- Born: 5 June
- Education: Wesley Girls' High School Tarkwa Secondary School Ghana Institute of Journalism

= Emma Morrison =

Ghanaian media personality

Emma Morrison is a Ghanaian television personality and media professional.

She started her media career, working with TV3 Ghana when the station was established in 1997 as a news reporter and a newscaster.

== Early life ==
She was born on 5 June and is the third child of her mother and the seventh of her father. Her father was Jacob Morrison and her mother is Victoria Morrison. Her father has thirteen children, eleven girls and two boys.

== Education ==
Morrison went to two primary schools in London, United Kingdom: Dollis Junior School in Mill Hill, and Childs Hill School in Barnet. After moving to Ghana, she studied at Goldfields Preparatory School, Wesley Girls' Senior High School and Tarkwa Secondary School. She went on to the Ghana Institute of Journalism.

== Career ==
She started her media work with TV3 in 1997 as a reporter/newscaster, rising through the ranks to become the general manager for news and sports at TV3.
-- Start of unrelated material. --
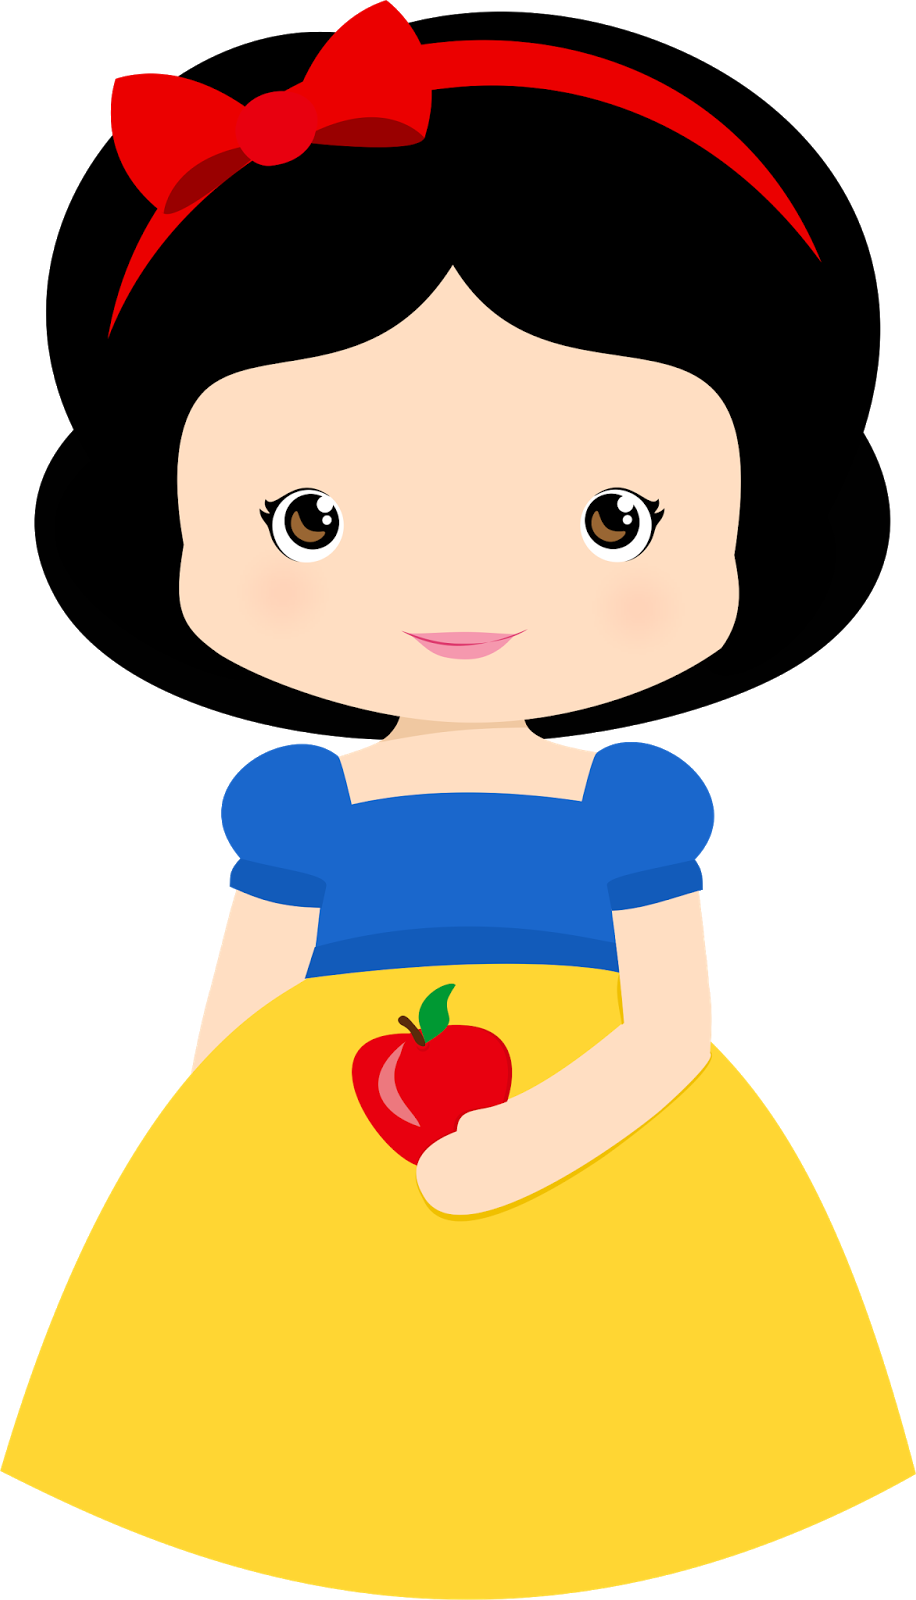 Snow White Pretty Clipart 009 Png 916 1600 Blancanieves Bebe Princesas Princesas Disney

She later became the editor of Joy News TV.

She is the group head of business programming, radio, TV, IM at Multimedia Group Ltd and doubles as consultant, executive producer for News Generation. Morrison joined Gold Fields Ghana as corporate affairs head.

== Awards ==
She has won awards: Newscaster of the Year, TV Personality of the Year, and her news programme News 360 won TV News Programme of the Year. In 2019 she was named the Corporate Personality of the Year at the Glitz Ghana Women of the Year Honours.